Understanding Gym Environment


This isn't specifically about troubleshooting code, but with helping me understand the gym Environment. I am inheriting gym.Env to create my own environment, but I am have a difficult time understanding the flow. I look through the documentation, but there are still questions and concepts that are unclear.

  1. I am still a little foggy how the actually agent knows what action to control? I know when you __init__ the class, you have to distinguish if your actions are discrete or Box, but how does the agent know what parameters in their control?

  2. When determining the lower and upper limit for the spaces.Box command, that tells the agent how big of a step-size that can take? For example, if my limits are [-1,1] they can implement any size within that domain?

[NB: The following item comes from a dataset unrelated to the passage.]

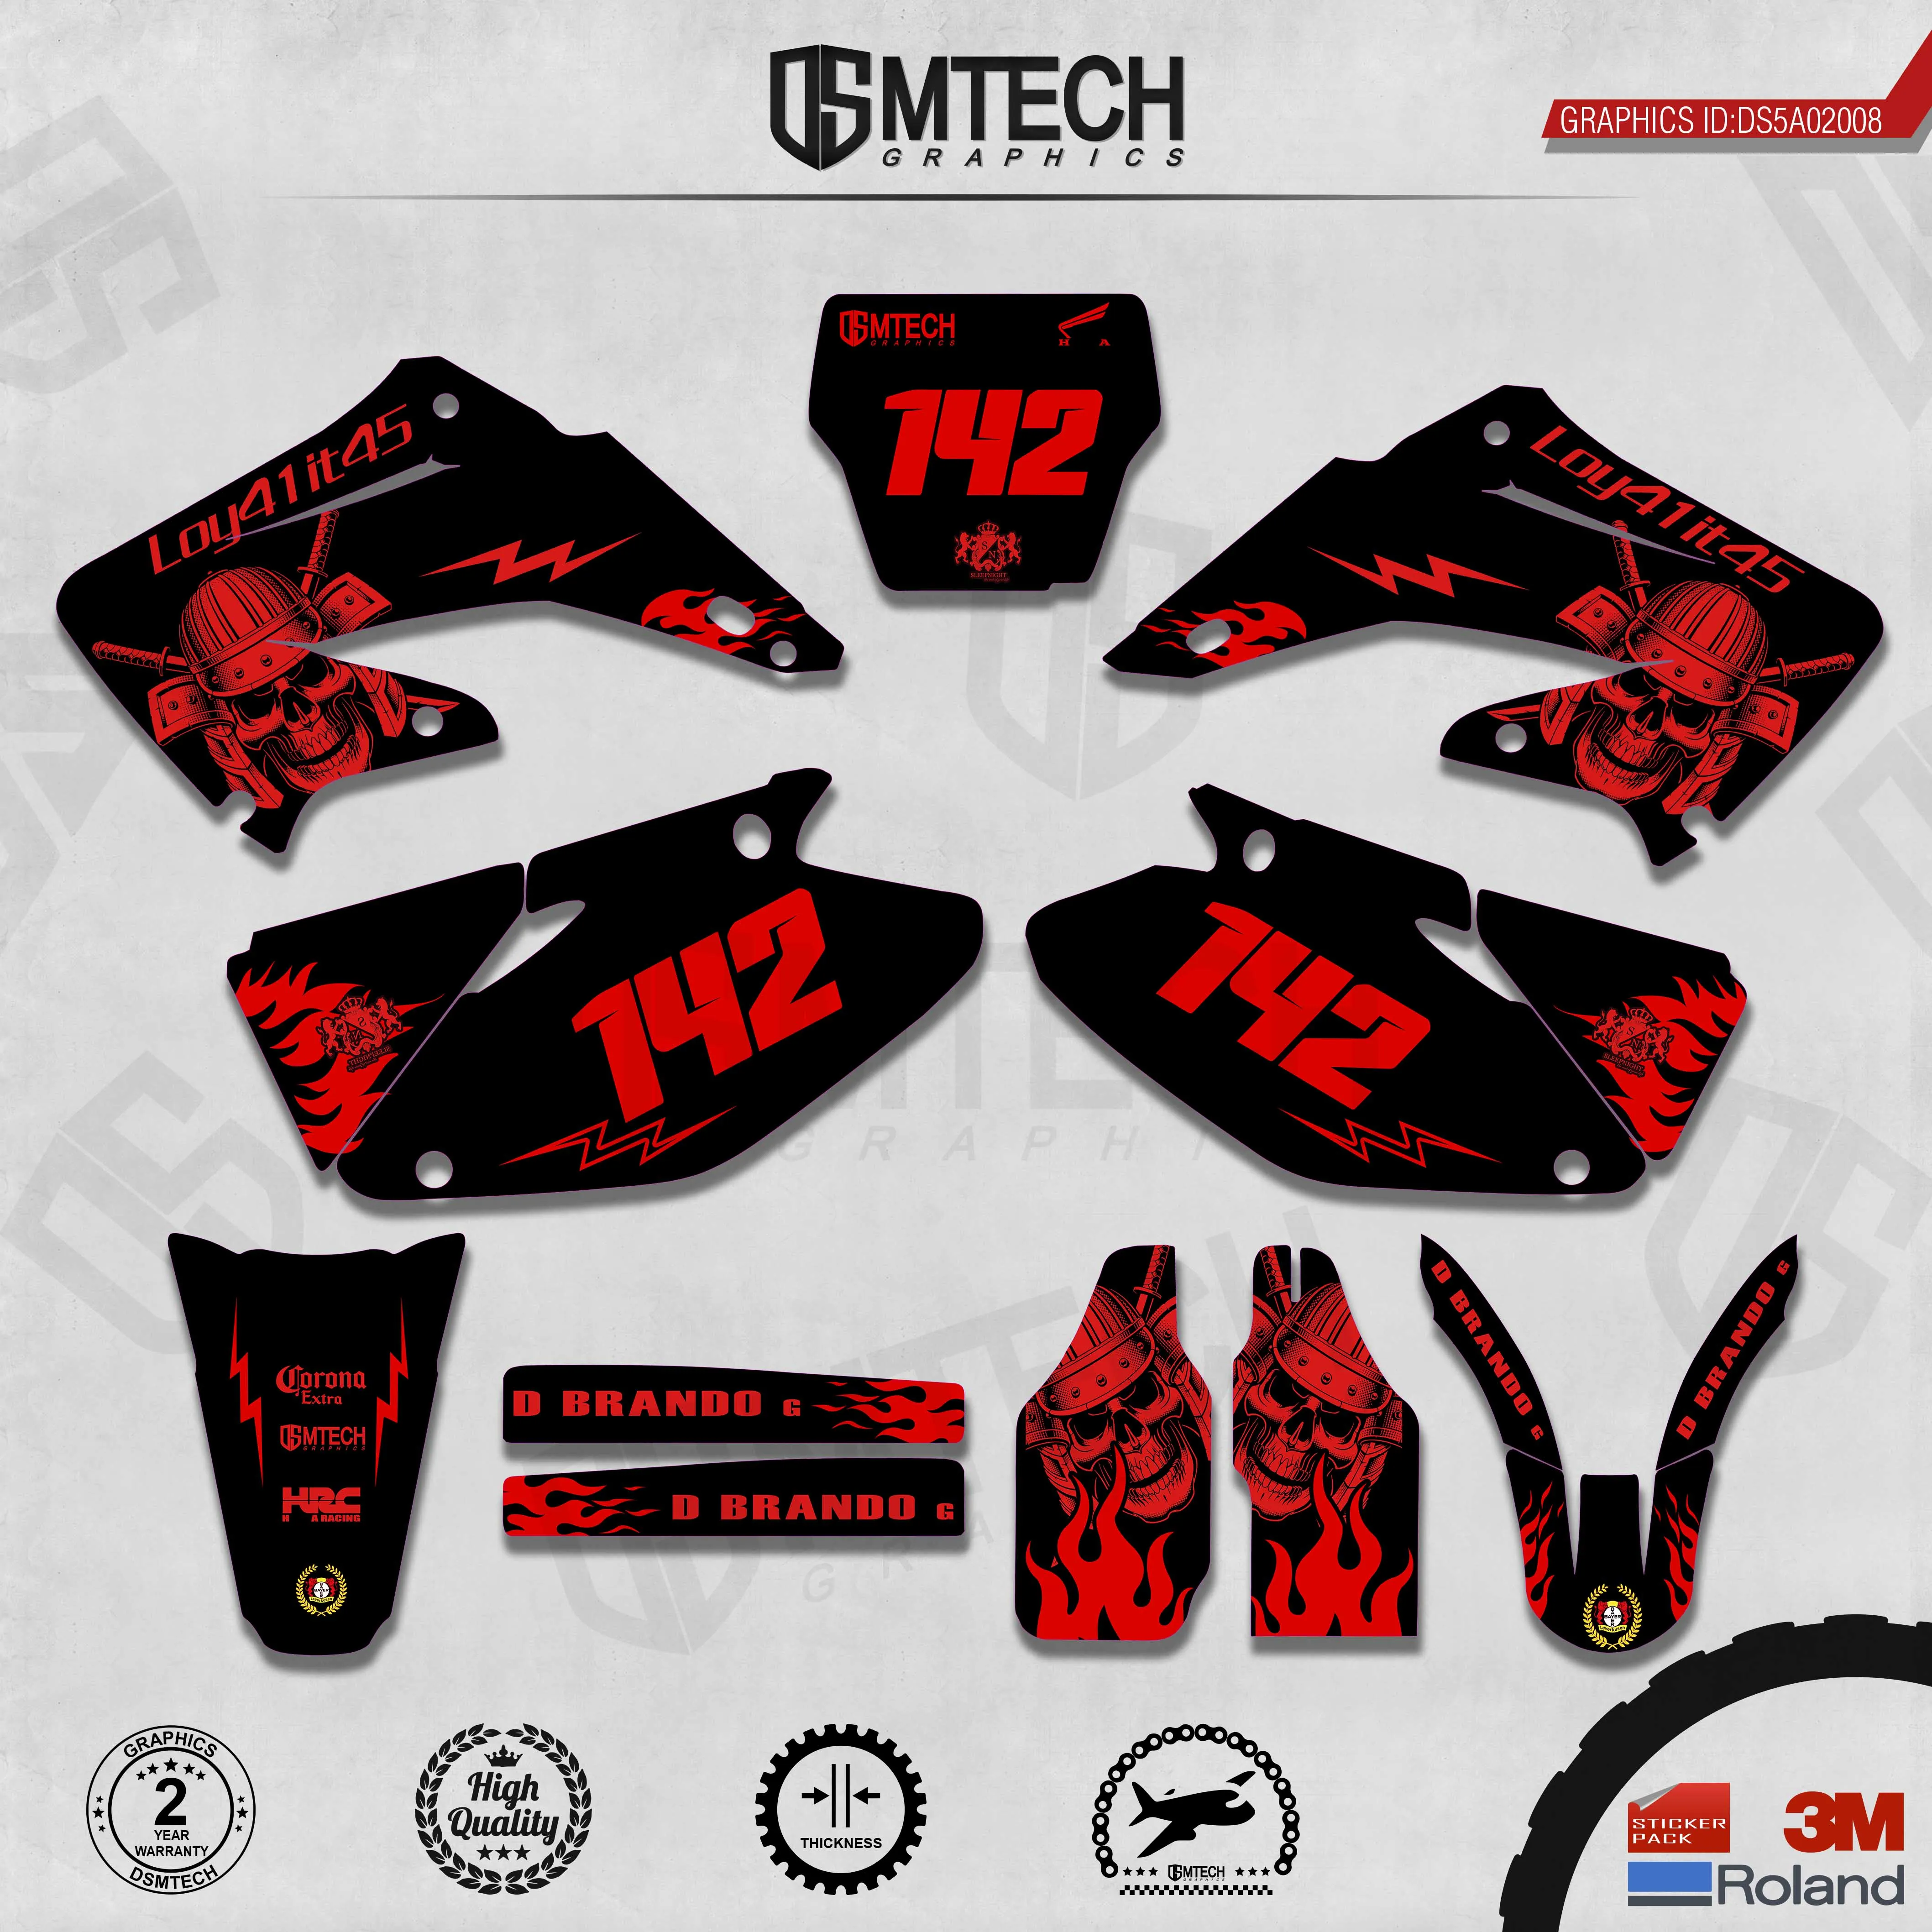 DSMTECH Customized Team Graphics Backgrounds Decals 3M Custom Stickers For 2002-2004 2005-2007 2008-2010 2011-2012 CR125-250 008

  3. I saw that the limits can be [a,b], (-oo,a], [b,oo), (-oo,oo) for the limits, if need to have my observation space, I just use the np.inf command?

If there any documentation that you would recommend, that would be much appreciate.


Solution

  • 1.

    The agent does not know what the action does; that is where reinforcement learning comes in. To clarify, whenever you use the environment's step(action) method, you should do verify that the action is valid within the environment and return a reward and environment state conditional on that action.

    If you want to reference these values outside of the environment, however, you can do so and control the available actions the agent can pass in like so:

    import gym
    env = gym.make('CartPole-v0')
    actions = env.action_space.n #Number of discrete actions (2 for cartpole)
    

    Now you can create a network with an output shape of 2 - using softmax activation and taking the maximum probability for determining the agents action to take.

    2.

    The spaces are used for internal environment validation. For example, observation_space = spaces.Box(low=-1.0, high=1.0, shape=(1,), dtype=np.float32) means that the maximum value the agent will see for any variable is 1, and the minimum is -1. So you should also use these inside the step() method to make sure the environment stays within these bounds.

    This step is primarily important for others who use your environment to be able to at-a-glance identify what kind of network they will need to make in order to interface with your environment.

    3.

    Yes. np.inf and -np.inf